Every time you purchase a Life Insurance policy, you are subject to a process called underwriting. Underwriting is a mechanism of classifying and selecting risks. Life Insurance is quite unlike other Financial Products in the sense that it isn’t really an “off the shelf” purchase, but rather a customized risk-transfer solution, in a manner of speaking. The Life Insurance company evaluates the particulars of each applicant individually, and accordingly takes a call on whether or not it makes financial sense for them to take on the risk. Therefore, the form that’s filled out for Life Insurance isn’t called an application form, but rather a ‘proposal form’; given that the client is proposing that the Life Insurer in question takes on the risk associated with the potential loss of his or her life.
Underwriting is a critical function in any life insurance business; mistakes from the underwriting team can prove very costly to them indeed. It is the underwriters who price insurance products based on risks, and take a go/no go decision on each applicant.
The underlying premise of underwriting is the fact that each individual, based on a combination of factors (smoking and drinking habits, body weight and occupation, for starters) has a certain probability of losing their life during the course of the policy. Based on this probability, the individual is assigned to a risk pool and charged a premium accordingly.
Other critical factors that contribute to the underwriting decision are the applicant’s family medical history, dangerous hobbies, and past illnesses. For instance, the life insurance application of a past Cancer patient, even in complete remission, will be classified as a substandard risk and be priced accordingly.
The process of underwriting begins with the proposer filling out the application form. Even seemingly mundane details such as age or income bracket have a bearing on the underwriting decision; for instance, the probability of dying increases with age, and an individual’s income level will help determine whether the coverage applied for is justified or not. For instance, an auto rickshaw driver earning Rs. 15,000 per month will likely not be provided a life cover of Rs. 1 crore, as his current income wouldn’t justify it.

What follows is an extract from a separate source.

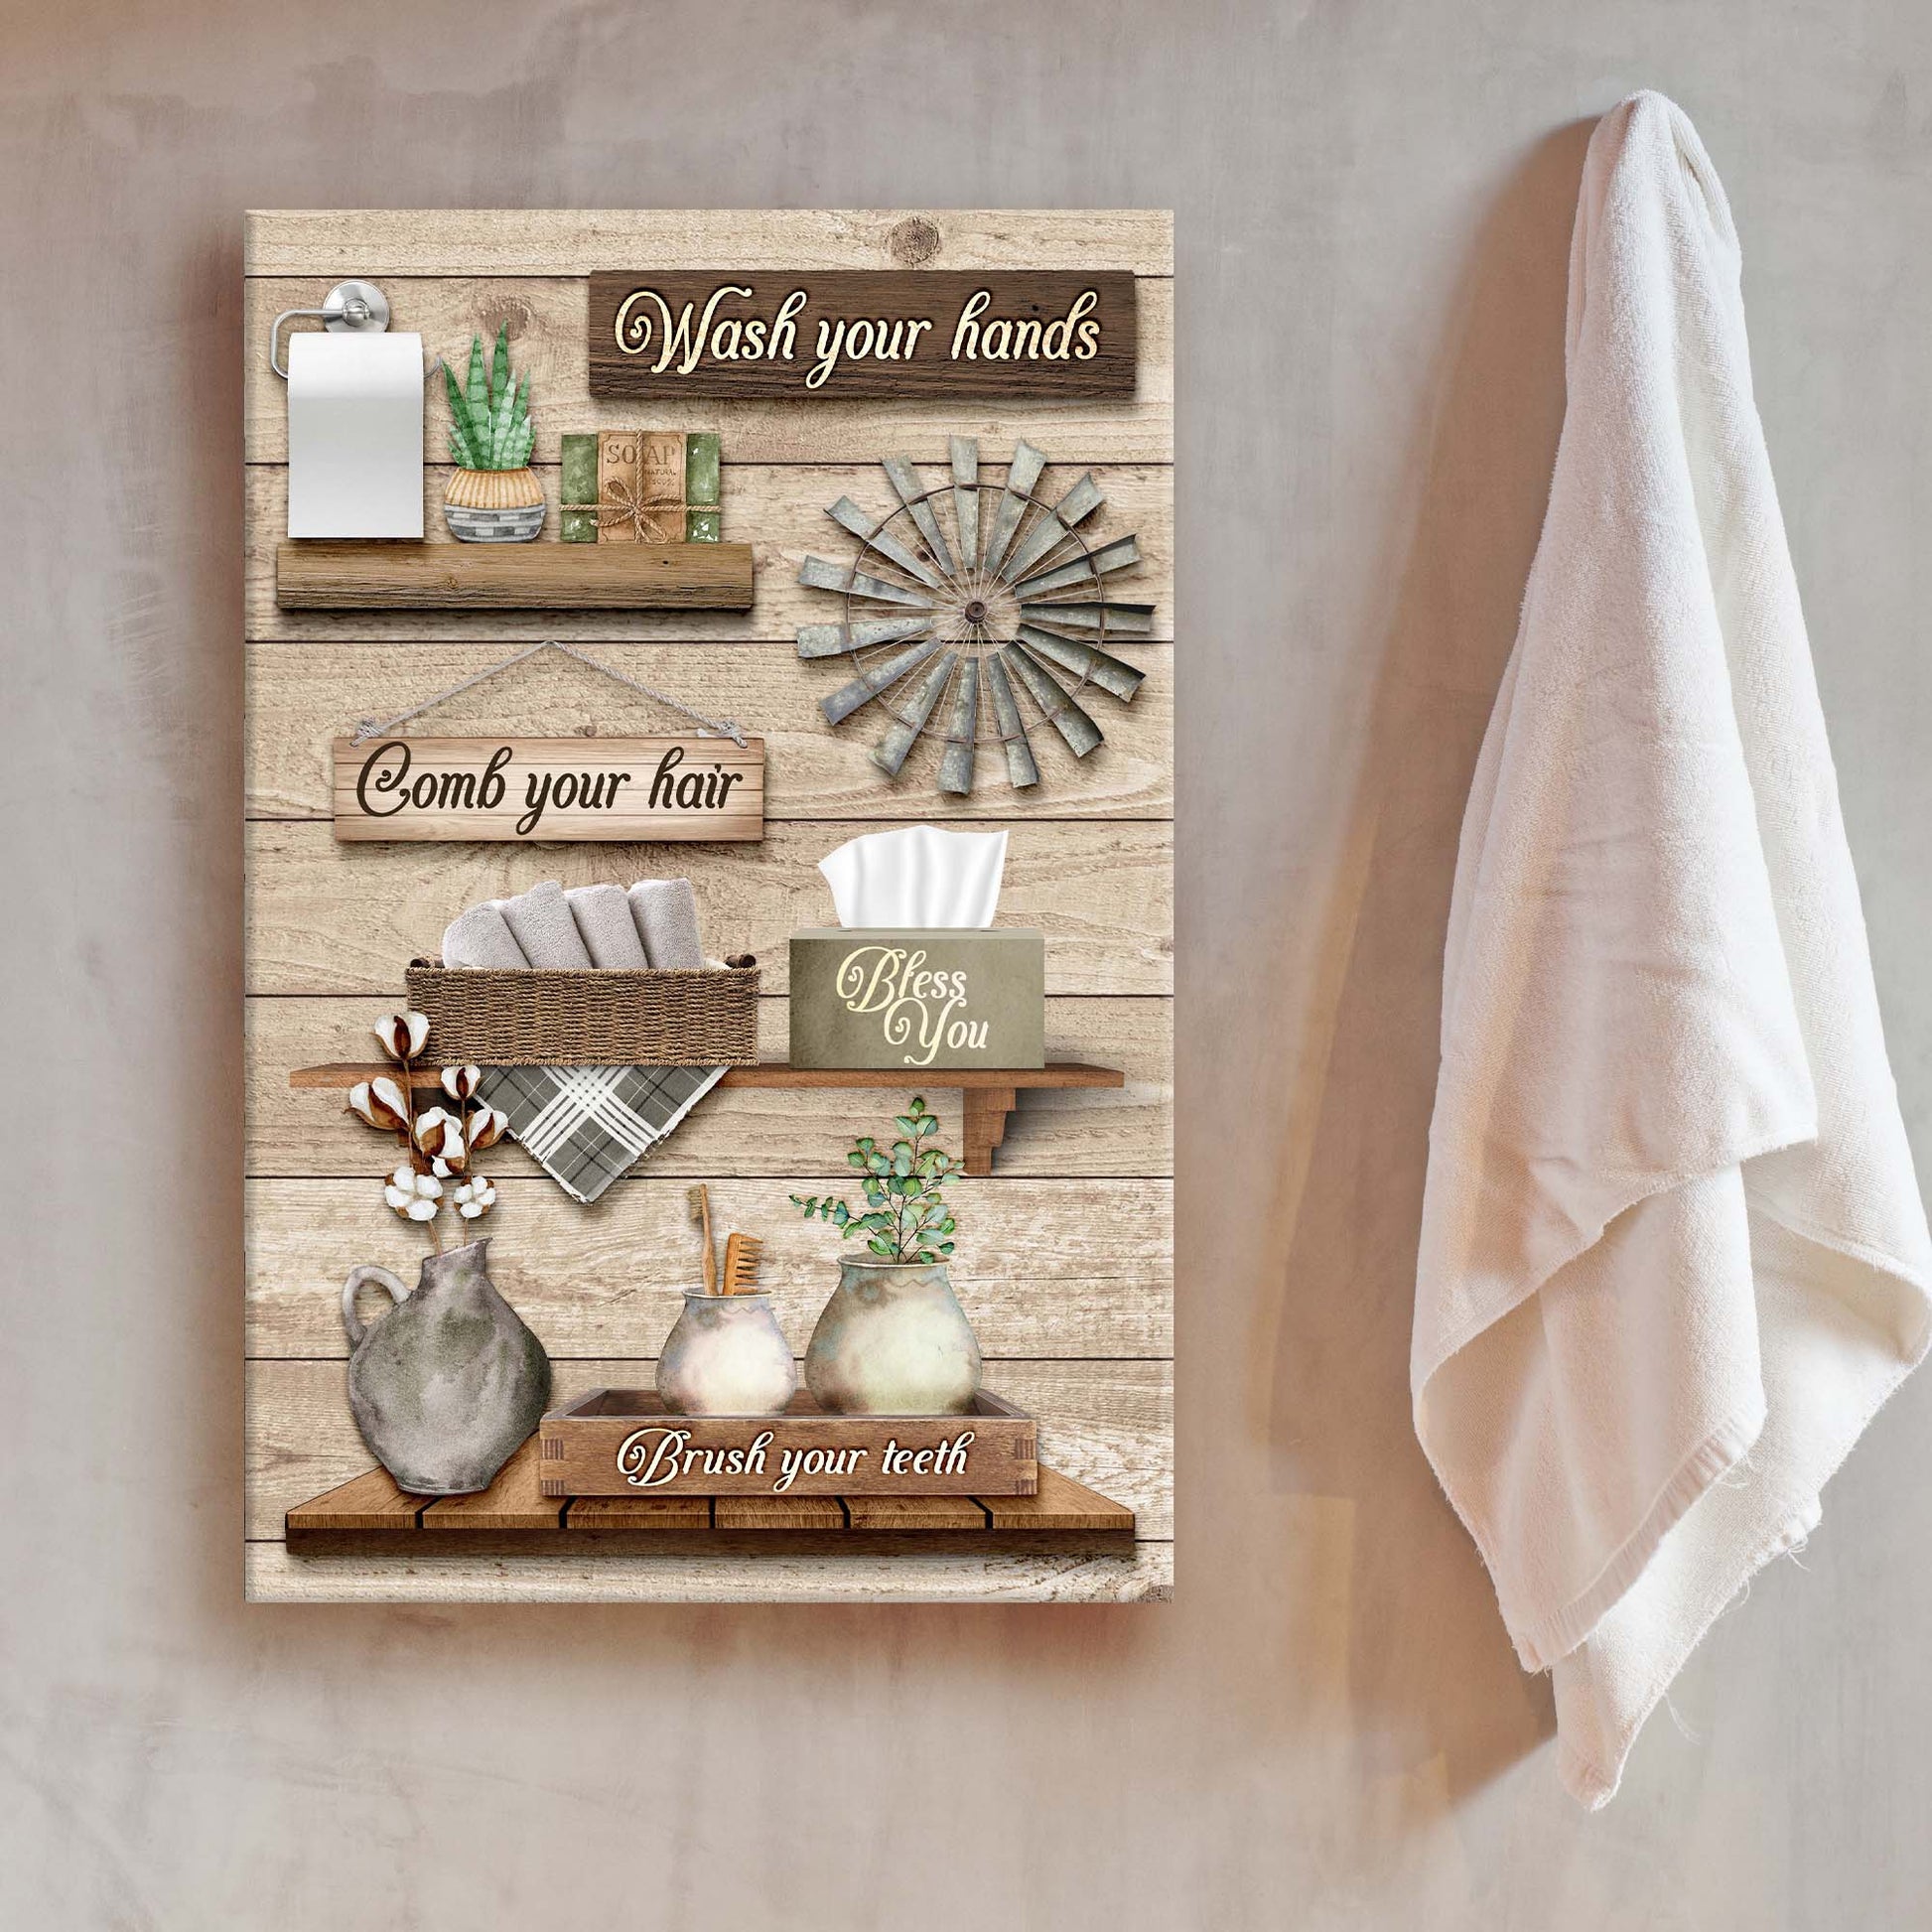 Wash Your Hands Bathroom Sign  - Image by Tailored Canvases

The underwriting team is expected to apply rationality and sound judgement in looking beyond the details furnished in the application form, in order to protect the insurer from cases of adverse selection and moral hazard.
Adverse selection refers to a scenario where a risk that is insured is more likely than its overall group to experience a loss, as a result of information asymmetry between the proposer and insurer. For instance, a 30-year-old man who is secretly ill or believes he may die soon, is more likely to apply for a Life Insurance policy than other 30-year-old men. The underwriter needs to ensure that too many such substandard risks are not accepted into the pool. A tricky job indeed!
Moral hazards can best be described by the phrase “worth more dead than alive”. Life Insurers need to do their best to ensure that the act of transferring risk does not increase the probability that the insured persons will end their own life, or that another will end their life. The proposers mental state – especially depression risk - plays a key role in determining moral hazard. Underwriters also need to consider the fact that the insured’s behaviour may change after transferring their risk (for instance, they may take up smoking or start engaging in life threatening adventure sports). An applicant’s financial strength plays a key role in determining the moral hazard risk associated with any applicant. Therefore, Life Insurers insist on knowing how much death benefit is already riding on you even before you apply for a policy with them, lest theirs becomes the last straw on the camel’s back! Most insurers place strict limits on the maximum times current income they will consider as incremental death benefit, keeping your existing coverage amounts in consideration.
Based on one or more of the above factors, your proposal form could come back to you with a revised quote or with a declination notice. If the quote is revised upwards, it’s your prerogative to accept it or not.
In my experience, most Insurance Agents in India take the process of filling out the proposal form very frivolously. Clients are more than happy to hand over the form filling responsibilities to their agents, mistakenly assuming that falsification of information will not have ramifications later. Claim settlement ratios for many life insurers are in the 70-80 per cent range, meaning that 20 or 30 out of every 100 death claims get declined. This usually happens because information wasn’t properly recorded at the proposal stage. Often, even families of well-intentioned insurance buyers suffer, purely due to their carelessness. It would be wise to furnish all proposal stage information carefully and accurately, filing out the form yourself. Even if you pass through the underwriting hoop by intentionally or inadvertently furnishing wrong information about yourself, the policy issues thus will likely just be a piece of paper and nothing else.